Tuesday, September 11, 2012

Notes on Vacation and Recovery



Our vacation to the RI coast was a success.  Elsie and I love the beach, so we really couldn't go wrong.


Beluga says: "Bitch, please.  I haven't worn a bikini since my first calf!"
Bathing suits always bring with them a very acute awareness of body, a phenomenon heavily exploited by promoters of fad diets and weight-loss gimmicks.  That self consciousness can be challenging for the postpartum mom.  Though physical recovery after Laurel has been much faster than after Elsie, my body never bounces back as fast or as thoroughly as I would like.  That is true in all ways, from the shallow and vain to the vital and healthy.

There is still a gap between the body I'm in and the body I remember as being MY healthy body, but the gap is narrowing.  I am really almost there.
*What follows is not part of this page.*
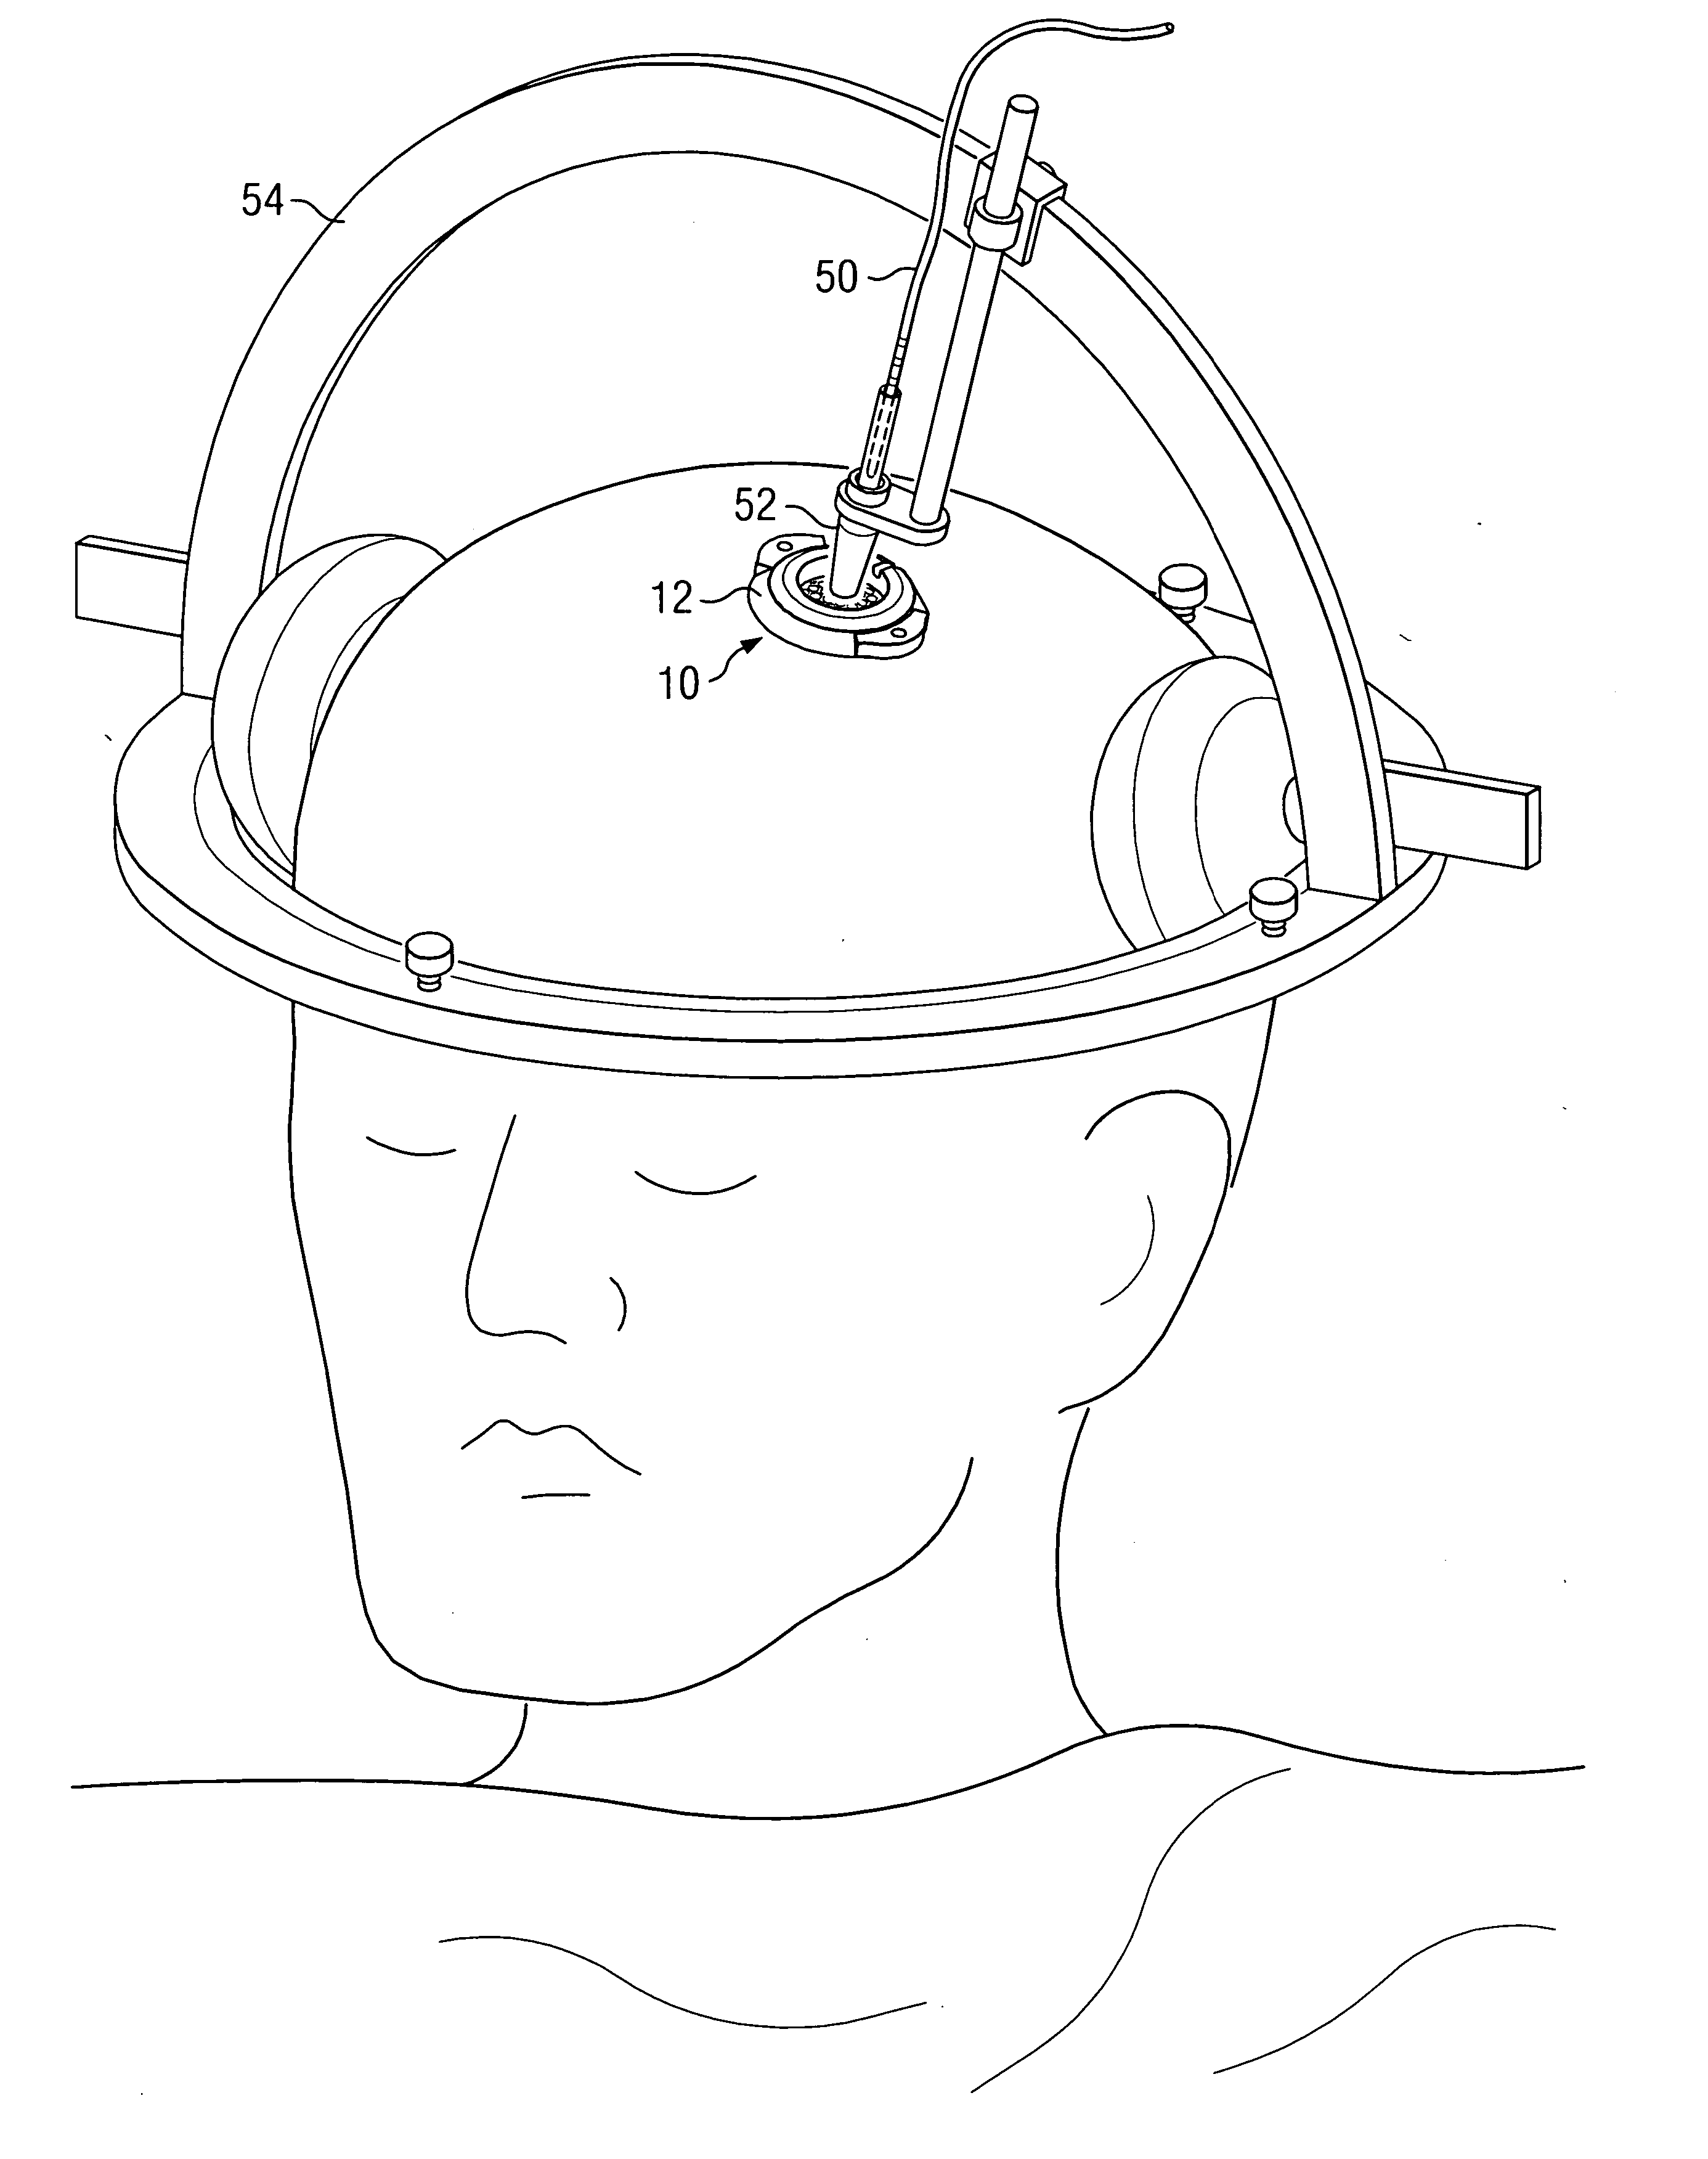 Electrical stimulation system and associated apparatus for securing an electrical stimulation lead in position in a person's brain
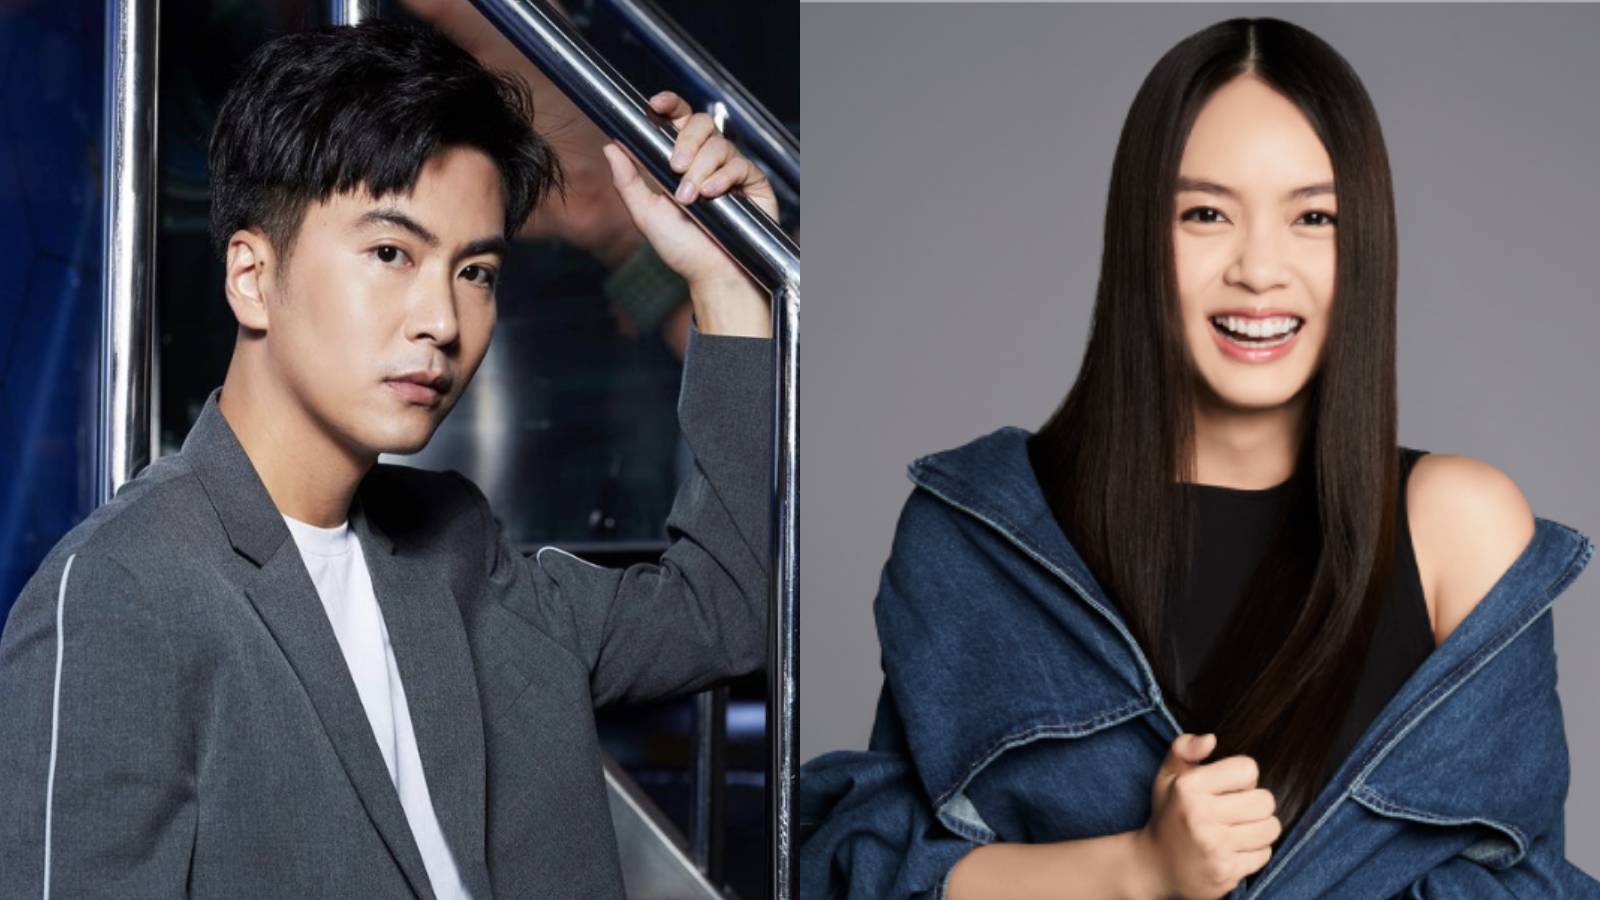 Chantalle Ng Wins Best Actress, Xu Bin Wins Best Actor, And Our Other Star Awards 2022 Predictions

I have nothing to complain about.  I am very lucky.  (But still human and therefore still prone to impatience.)

I was graced with the single most basic indicator of womanly normalcy on our vacation: menstruation.  Three months.  That's how long it took.  A couple of weeks ago, I saw my temperatures spike on my charts, crossed my fingers, and hoped that they'd stay high.  They did.  Then, after a short leuteal period, my period came, and heavily. 

There are a few times in a woman's life when she celebrates her period.  Often the first time: Hooray!  I am a woman!  Or more likely: YES!  I will no longer be completely excluded from all my friends' bitching and moaning about cramps and tampons!

Then, hopefully YEARS later, when she's sexually active but not yet ready for a baby.  THANK GOD I am not pregnant from that: act of indiscretion with a guy who is -- on second thought -- too douchy for me to be having sex with / broken condom even though I am also on the pill but I had to go on antibiotics for 10 days 3 months ago and OMG I wonder if it might still be affecting my pill!?!! / stain that may or may not be semen on that towel I used at my friend's house -- after all she has a teenage brother / [insert unlikely scenario of super-sperm impregnating young woman against all odds here].

And now.  When I've been harboring deep seeded worries about fertility struggles, and my period has been a no-show for three months when it was expected at 4-6 weeks.

It came.  It came with a vengeance.  I cheered, hugged my mom, high-fived my husband, and then raced to the convenience store before I ruined my pants and quickly returned to loathing my period for being a stinky, messy, embarrassing, obnoxious pain in the butt of a phenomenon.  Ah!  Bitching and moaning about my period.  We're back to normal.



Addendum: This is just to say that hub and I are NOT trying to get pregnant right now.  We are being super responsible.  I need a good, long, serious break from pregnancy.  I also need to build up my iron stores.  They never fully recovered after Elsie's bloody birth, and I was back down to anemic levels after Laurel's much neater and tidier one.  Doctors' orders are 6 months to a year's rest after an experience like ours, for both physical and emotional healing.  We view that as a bare minimum and will reassess at 6 months to see if we're ready or need more time.  We are, however, charting, which means that I am not on the pill at the moment, despite it being my personal favorite form of birth control.  If I wasn't ovulating, or if I was ovulating but wasn't menstruating, we would want to know about that sooner rather than later.